● WORK INSTRUCTION
Exactly the lines from the one that contains "Round blue topaz" through the end of the material below are to be output, the first and last included.

● RECORDED INFORMATION
....
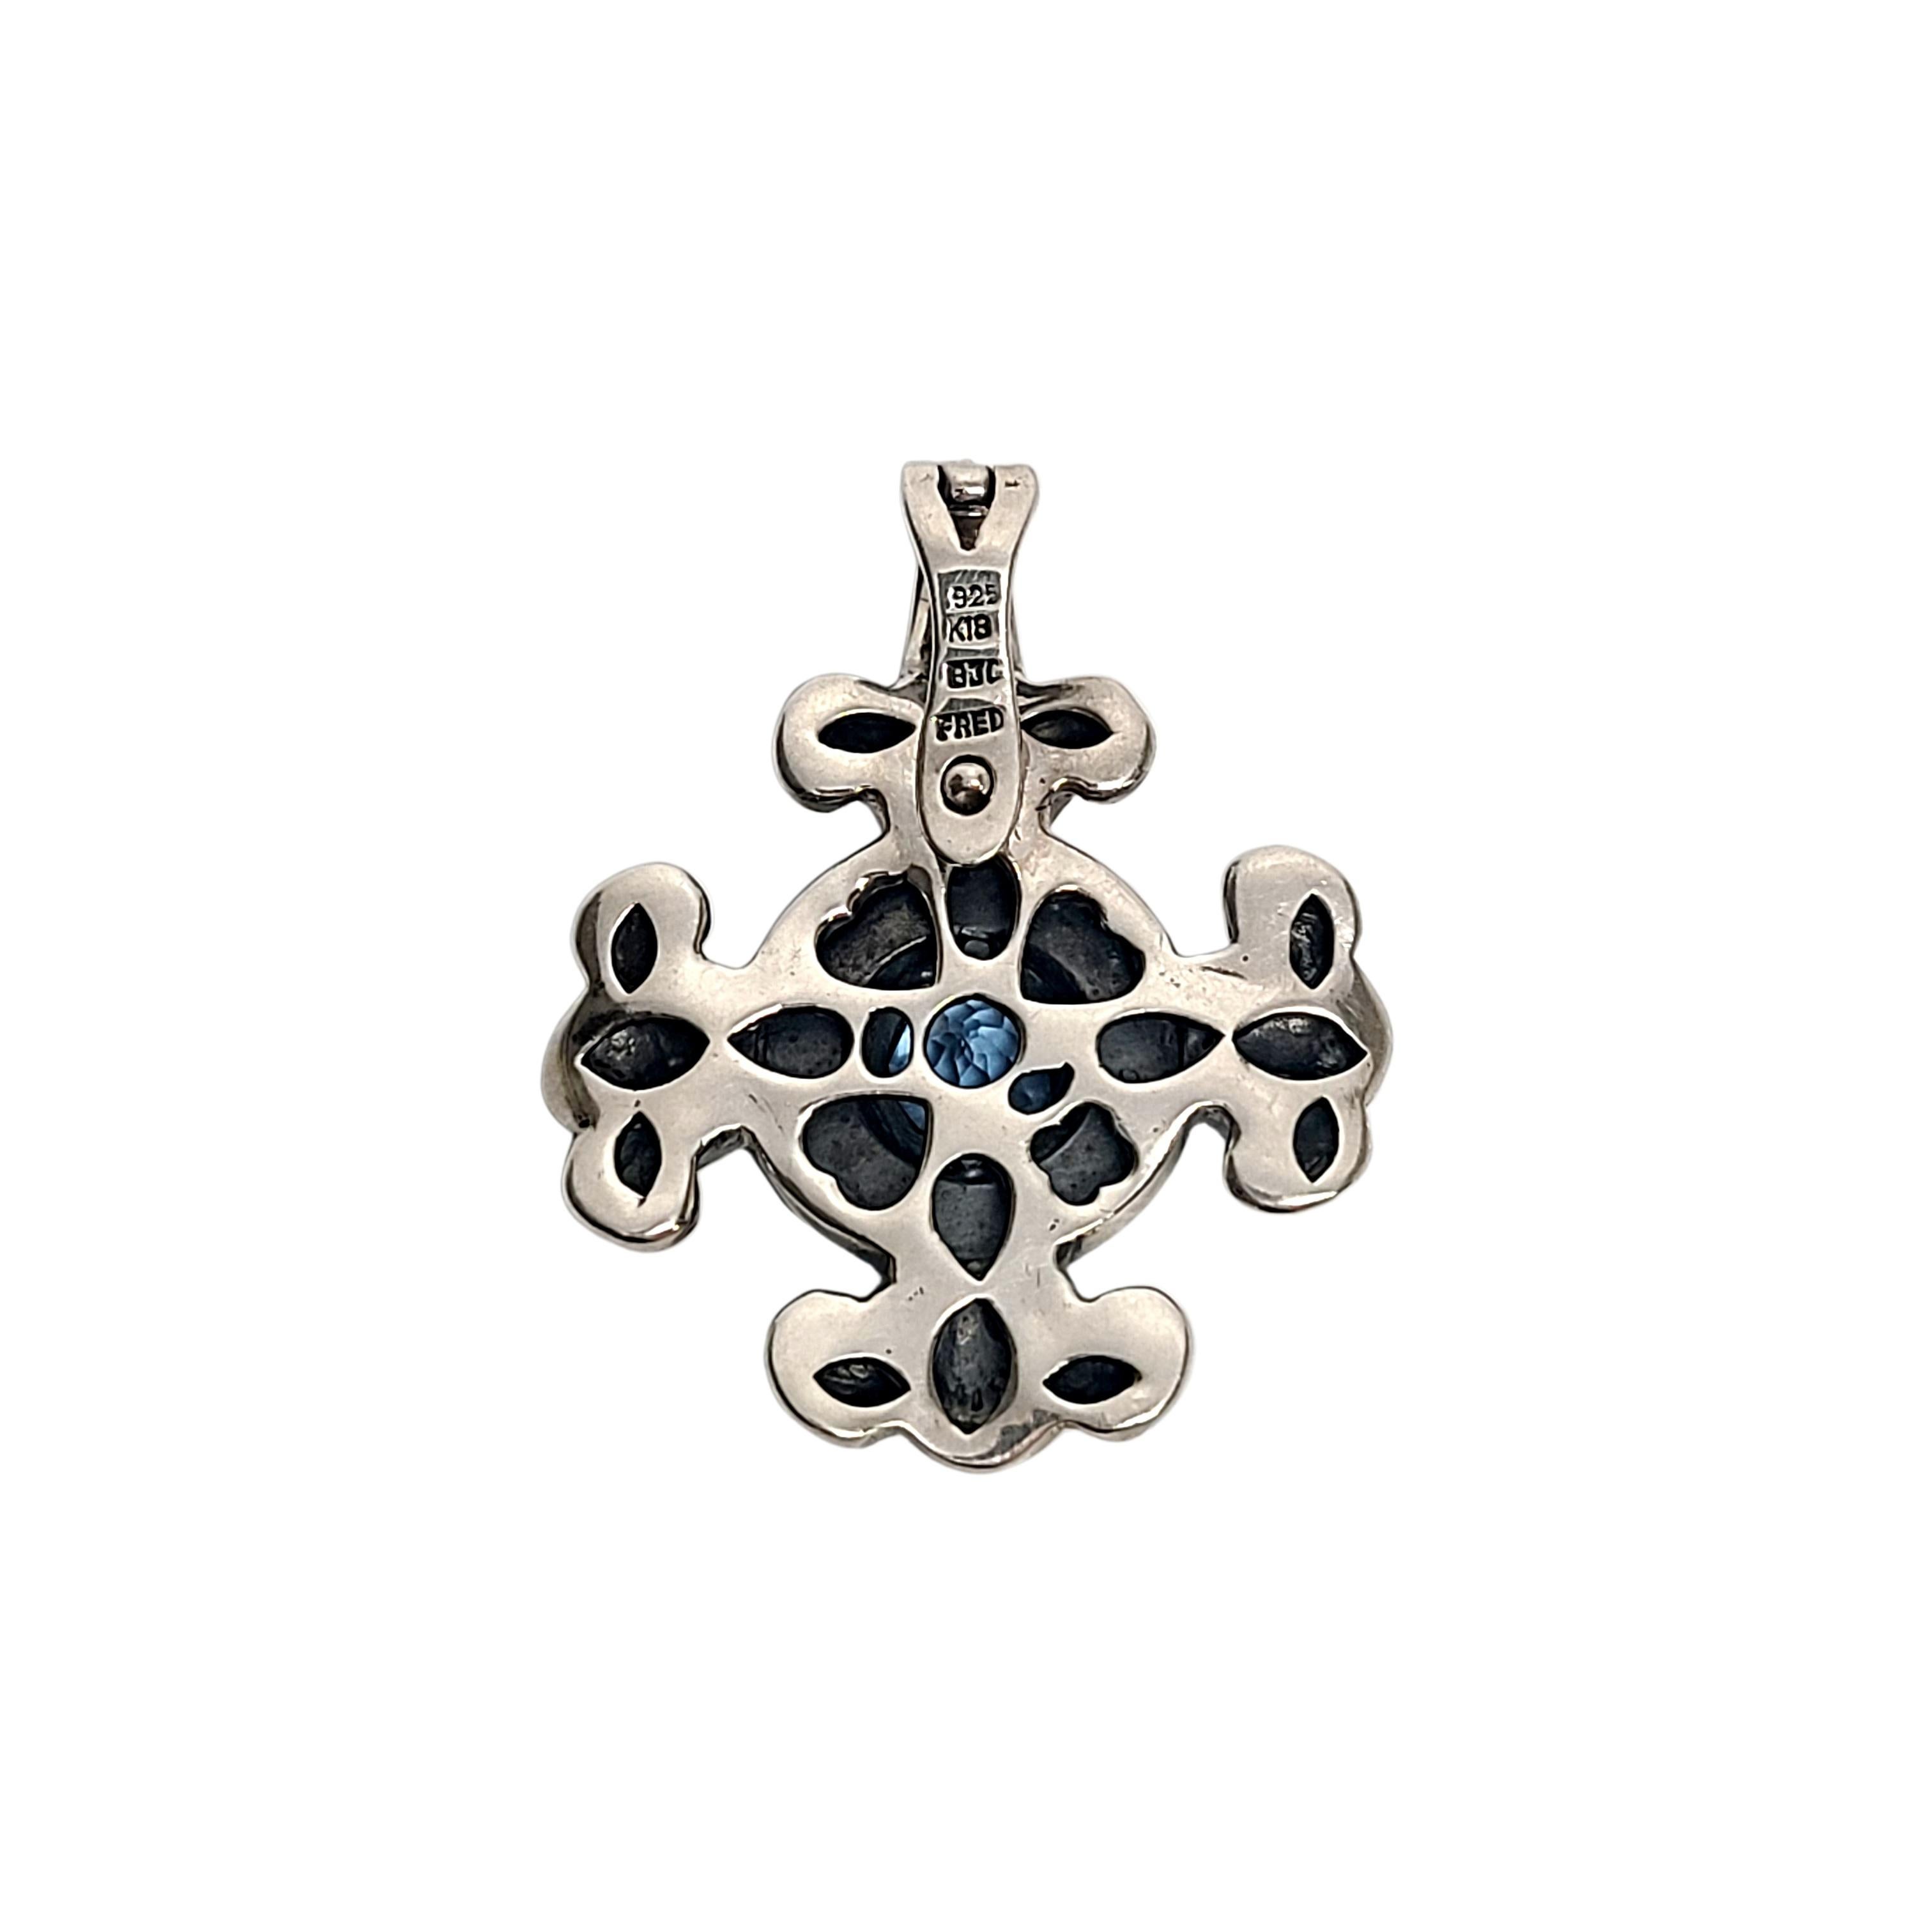 Sterling silver 18K yellow gold accent blue topaz pendant by Samuel Benham BJC Fred.

Round blue topaz stone stone set sterling silver cross shape pendant with yellow gold beaded accents around the stone. Hinged opening bail.

Measures approx 1
....
● OUTPUT
Round blue topaz stone stone set sterling silver cross shape pendant with yellow gold beaded accents around the stone. Hinged opening bail.

Measures approx 1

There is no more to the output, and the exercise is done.